* **EXERCISE BRIEF**
Please quote the material exactly, every line of it.

* **INPUT DATA**
◇ ◇ ◇

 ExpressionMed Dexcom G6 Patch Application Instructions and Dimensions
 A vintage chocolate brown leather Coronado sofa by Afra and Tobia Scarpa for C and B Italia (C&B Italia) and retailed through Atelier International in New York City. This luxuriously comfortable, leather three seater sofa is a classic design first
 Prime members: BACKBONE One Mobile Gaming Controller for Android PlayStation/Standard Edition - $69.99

◇ ◇ ◇

* **REPLY TO THE EXERCISE**
 ExpressionMed Dexcom G6 Patch Application Instructions and Dimensions
 A vintage chocolate brown leather Coronado sofa by Afra and Tobia Scarpa for C and B Italia (C&B Italia) and retailed through Atelier International in New York City. This luxuriously comfortable, leather three seater sofa is a classic design first
 Prime members: BACKBONE One Mobile Gaming Controller for Android PlayStation/Standard Edition - $69.99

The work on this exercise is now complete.